The second type of modern Anti-Conservationist is motivated not by ideology or a dedication to what this country stands for. Their interest is not to be left alone simply for the sake of being left alone, but because of the cost regulation imposes. This second group is the corporate Anti-Conservationists - Mining, Timber, Agriculture, Petroleum and Chemical producers, All Terrain Vehicle manufacturers and others who stand to profit, sometimes enormously, from deregulation. This group is not nearly as directly visible or vocal. Instead, their message is often carried by their customers and by the employees of these industries, people who are persuaded by their employers that regulations threaten their jobs. But whatever their identity or motivation, this paper is a look at the activities of Anti-Conservationists in America's Heartland.
Chapter I draws heavily on The War Against the Greens, by David Helvarg. That book provides a fascinating and frightening insight into the violent fringe of the anti-conservation Wise Use movement. Rather than disrupt the flow of that chapter with endless footnotes, I acknowledge his work up front and recommend The War Against the Greens in its entirety to readers who want a detailed examination of the origins, development and violent tendencies of Wise Use.

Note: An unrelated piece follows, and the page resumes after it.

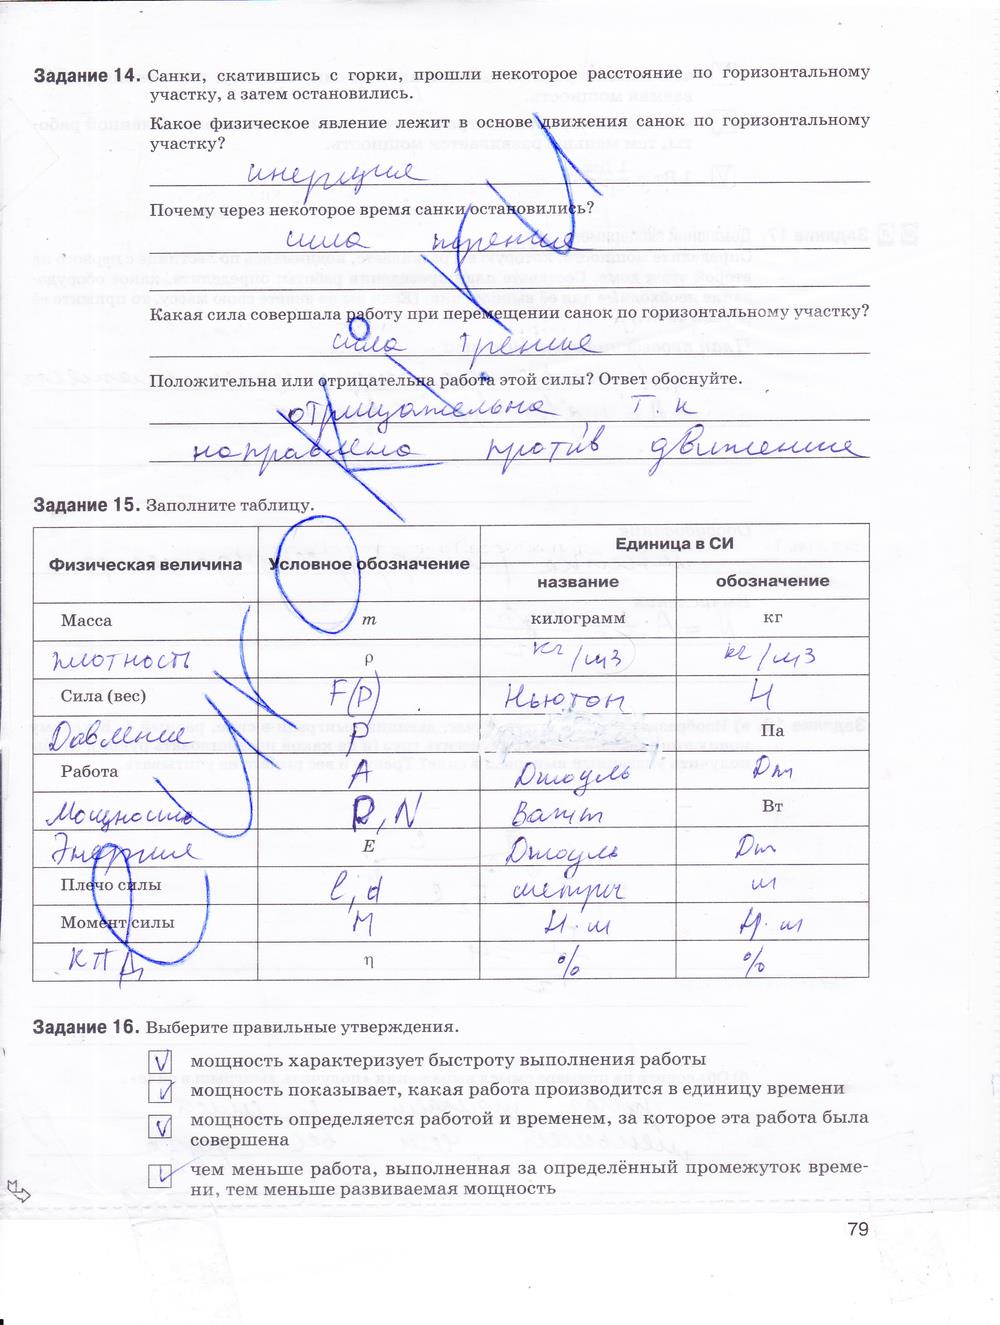 гдз 9 класс рабочая тетрадь страница 79 физика Гутник, Власова

This paper is not so ambitious. It seeks only to identify in the Midwest those people, groups and policy initiatives which fit into the national Anti-Conservation picture. It seeks to accomplish this through interviews with dozens of individuals throughout the region who have worked on issues which have brought them in contact with some manifestation of the Anti-Conservation Movement. This is a compilation of their collective experiences.
Chapter III, which focuses on Wisconsin, includes a detailed examination of campaign contributing by industries which would benefit from adoption of all or part of the Anti-Conservation agenda. The findings may surprise, or they may simply confirm suspicions. We encourage readers to review the methodology and invite them to perform similar analyses in other states. We would like to learn of your findings and hereby extend an offer of whatever help we can give. A study of how money impacts policy and an analysis of who is winning and who is losing can help to expose the Anti-Conservation Movenent for what it is -- elevating greed and profit above health, safety and future wild places.